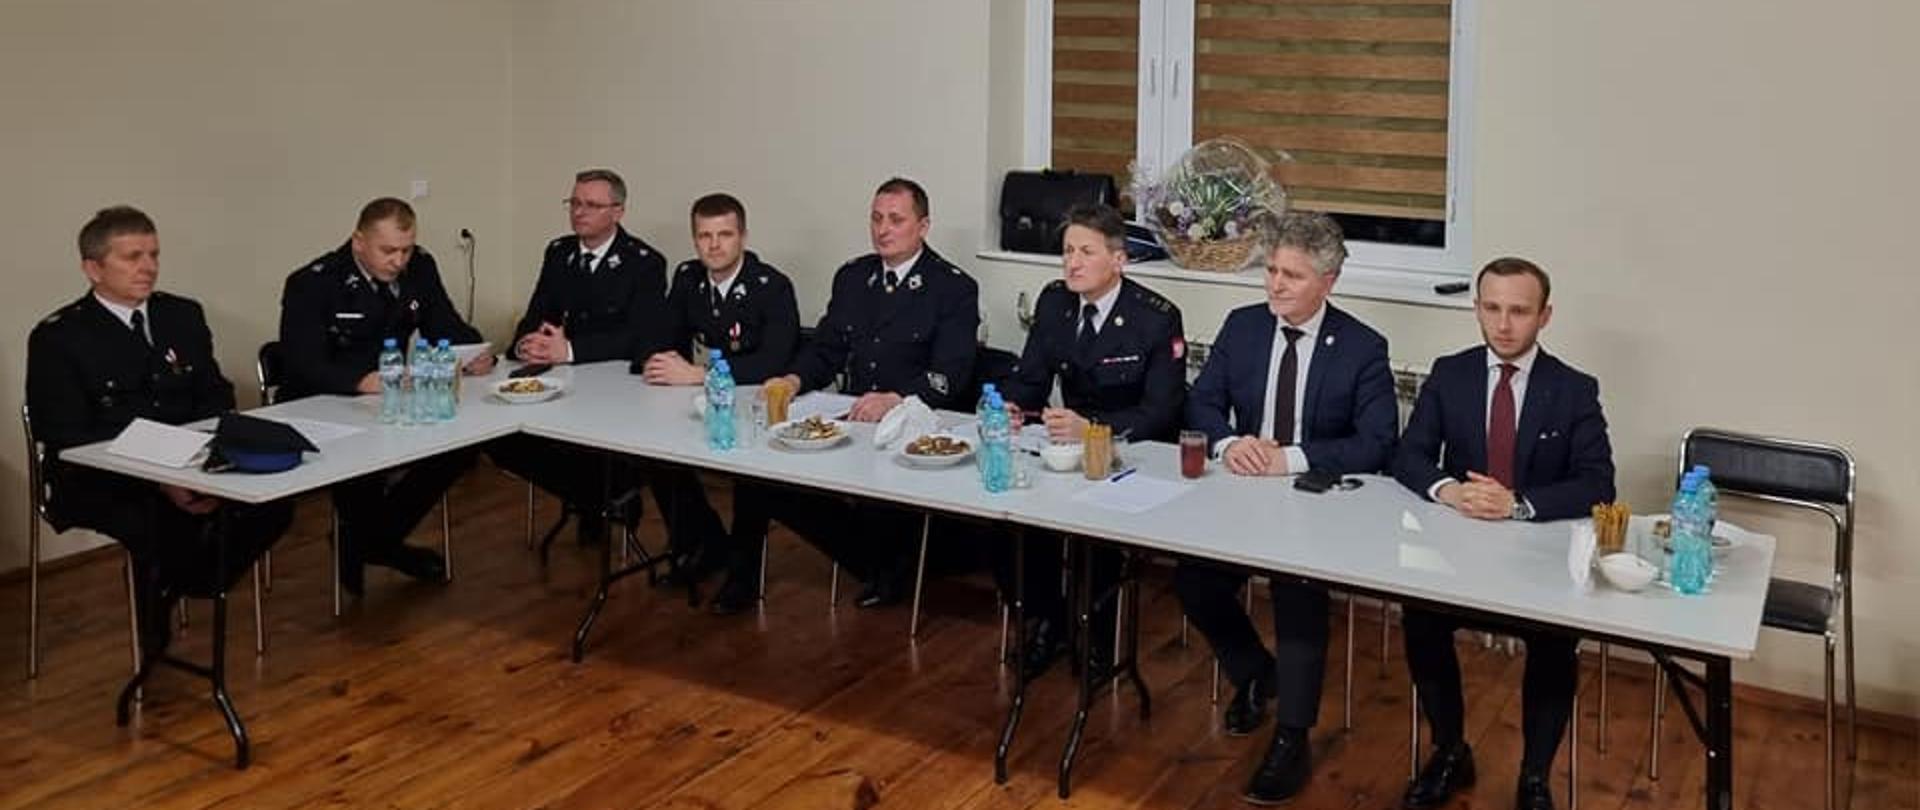 Zdjęcie przedstawia organizatorów i zaproszonych gości podczas spotkania sprawozdawczego w Ochotniczej Straży Pożarnej w Bobrzy. 
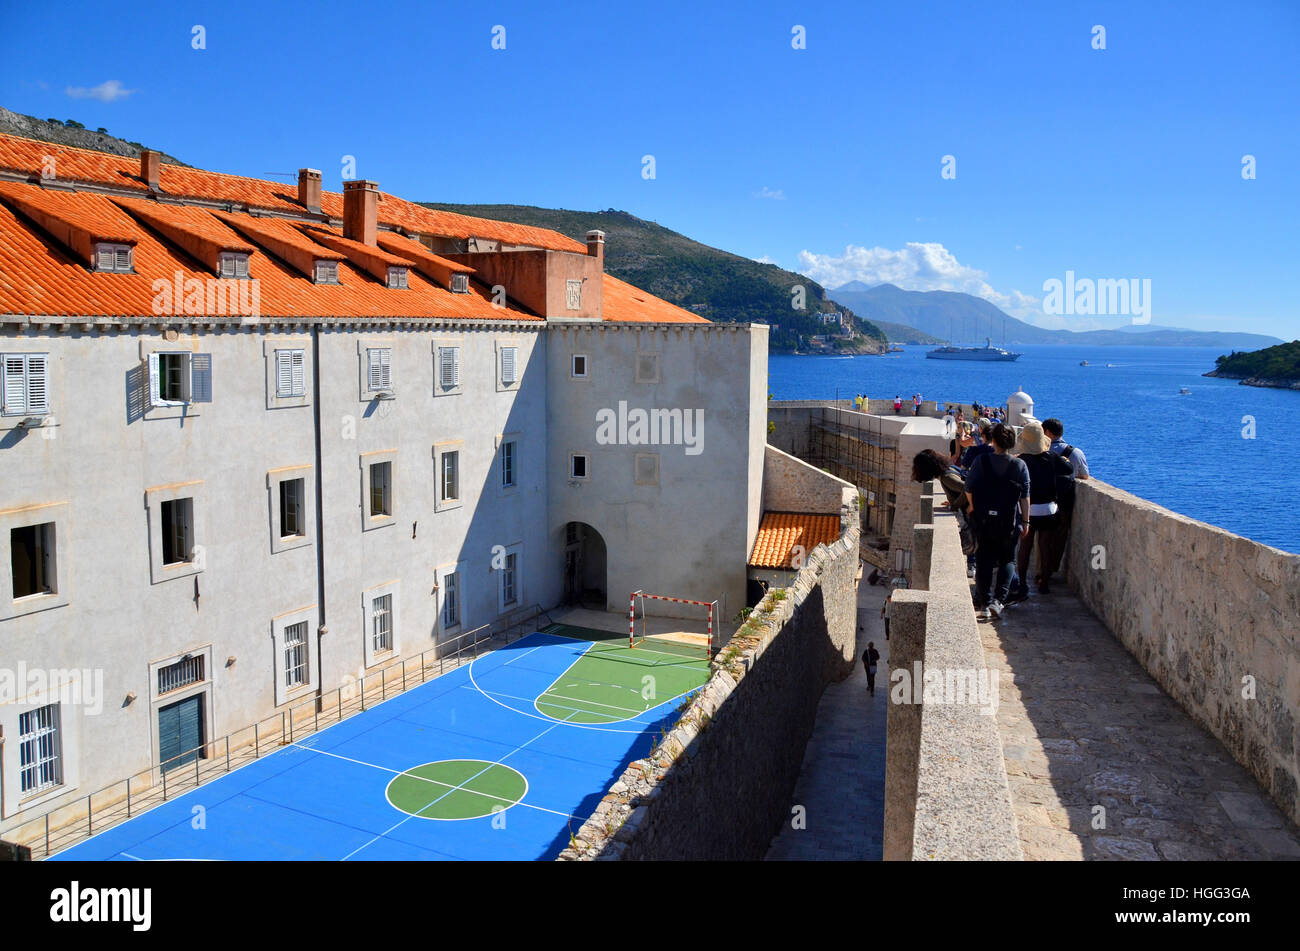 Touristen Fuß entlang der Wand der ummauerten Stadt von Dubrovnik, Kroatien, vorbei ein Korbball Gericht Zugehörigkeit zu einer lokalen Schule. Stockfoto
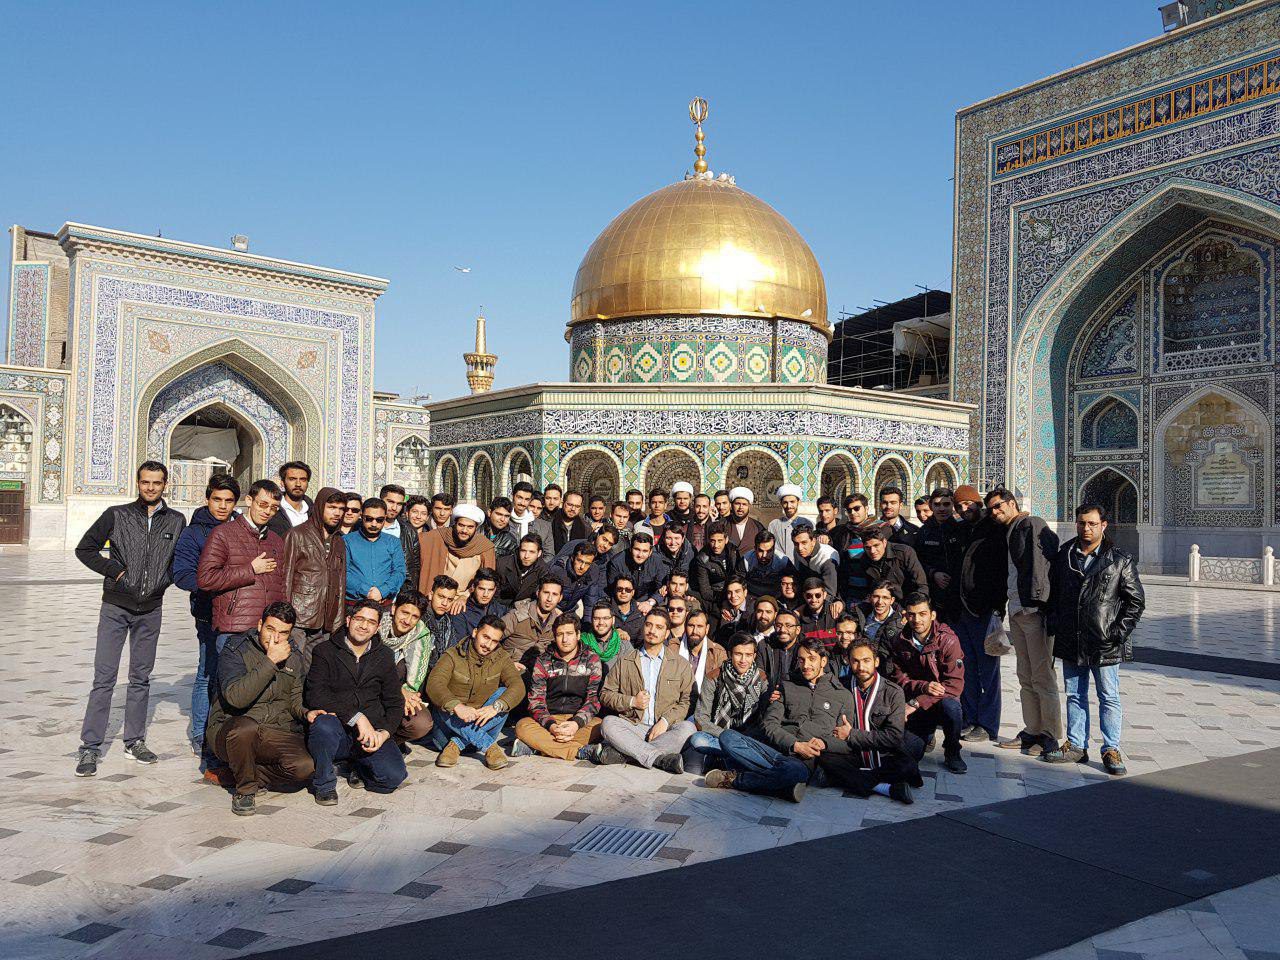 اردوی فرهنگی-زیارتی کبوتر حرم به همت انجمن اسلامی دانشجویان دانشگاه یزد در مشهد مقدس برگزار شد.

::::

How to complete this task
Only the text of the listing above should be copied, exactly and with pictures left out.

Solved problem
 Zdjęcie przedstawia organizatorów i zaproszonych gości podczas spotkania sprawozdawczego w Ochotniczej Straży Pożarnej w Bobrzy. 
 Touristen Fuß entlang der Wand der ummauerten Stadt von Dubrovnik, Kroatien, vorbei ein Korbball Gericht Zugehörigkeit zu einer lokalen Schule. Stockfoto
 اردوی فرهنگی-زیارتی کبوتر حرم به همت انجمن اسلامی دانشجویان دانشگاه یزد در مشهد مقدس برگزار شد.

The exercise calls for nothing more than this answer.